In this section, we perform grid search for these parameters.

In [46]:
# Grid search parameters
n_layer_val         = [2, 4]
n_neuron_val        = [100, 300]
n_layers_vgg_tune_val   = [2, 3]
dropout_val         = [0.2, 0.4]
learn_rate_val       = [0.001, 0.005]

In [47]:
# Grid search
n_layer_vec              = np.array([])
n_neuron_vec             = np.array([])
n_layers_vgg_tune_vec    = np.array([])
dropout_vec              = np.array([])
learn_rate_vec           = np.array([])

val_accuracy      = np.array([])
epochs            = 25

for n_layer in n_layer_val:
  for n_neuron in n_neuron_val:
    for n_layers_vgg_tune in n_layers_vgg_tune_val:
      for dropout in dropout_val:
        for lr in learn_rate_val:
            model_search  = create_model(n_layer, n_neuron, n_layers_vgg_tune, dropout, lr)
            model_search.fit(train_generator,
                              steps_per_epoch=len(train_generator),
                              validation_data=validation_generator,
                              validation_steps=len(validation_generator),
                              epochs=epochs, verbose=0
                              )
            acc = model_search.evaluate(validation_generator)
            val_accuracy      = np.append(val_accuracy, acc[1])
            n_layer_vec       = np.append(n_layer_vec, n_layer)
            n_neuron_vec      = np.append(n_neuron_vec, n_neuron)
            n_layers_vgg_tune_vec= np.append(n_layers_vgg_tune_vec, n_layers_vgg_tune)
            dropout_vec          = np.append(dropout_vec, dropout)
            learn_rate_vec       = np.append(learn_rate_vec, lr)
            del model_search
            tf.keras.backend.clear_session()

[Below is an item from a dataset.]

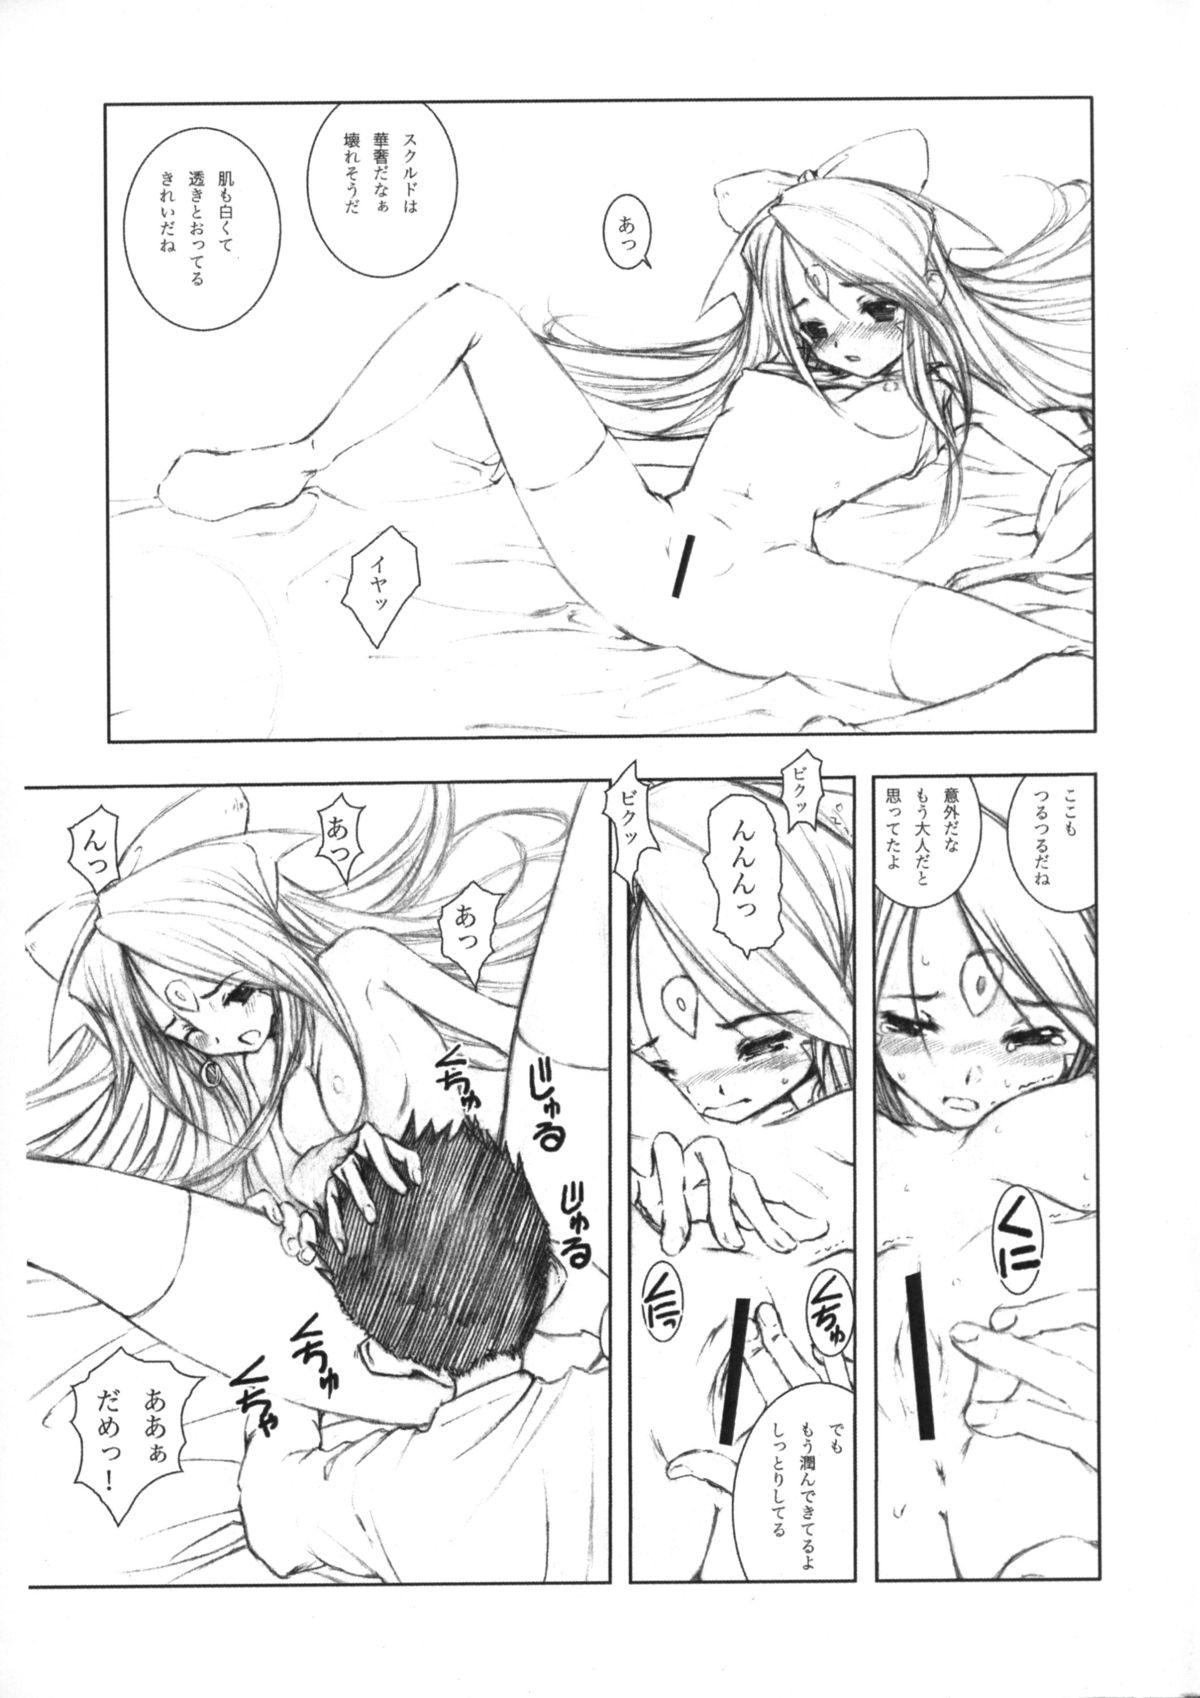 Oldyoung Mellow Goddess #02 Junbi gou & Tears... 2 - Ah my goddess Suck - Page 14

results_grid_search                       = pd.DataFrame (n_layer_vec, columns=['Layers in DNN'])
results_grid_search['Neurons in DNN layers']  = n_neuron_vec
results_grid_search['Number of trainable layers in VGG16']      = n_layers_vgg_tune_vec
results_grid_search['Dropout'] = dropout_vec
results_grid_search['Learning Rate'] = learn_rate_vec
results_grid_search['Validation Accuracy'] = val_accuracy



In [49]:
results_grid_search.to_excel('/content/gdrive/MyDrive/Capstone_Project/results_grid_search.xlsx', index=False)
results_grid_search

Unnamed: 0,Layers in DNN,Neurons in DNN layers,Number of trainable layers in VGG16,Dropout,Learning Rate,Validation Accuracy
0,2.0,100.0,2.0,0.2,0.001,0.74026
1,2.0,100.0,2.0,0.2,0.005,0.720779
2,2.0,100.0,2.0,0.4,0.001,0.720779
3,2.0,100.0,2.0,0.4,0.005,0.688312
4,2.0,100.0,3.0,0.2,0.001,0.75974
5,2.0,100.0,3.0,0.2,0.005,0.123377
6,2.0,100.0,3.0,0.4,0.001,0.74026
7,2.0,100.0,3.0,0.4,0.005,0.123377
8,2.0,300.0,2.0,0.2,0.001,0.792208
9,2.0,300.0,2.0,0.2,0.005,0.681818


#**Conclusion**
The best model had an accuracy of 79.2% as compared to 75.97% without hyperparameter tuning. It is observed that a lower dropout and learning rate led to better performance.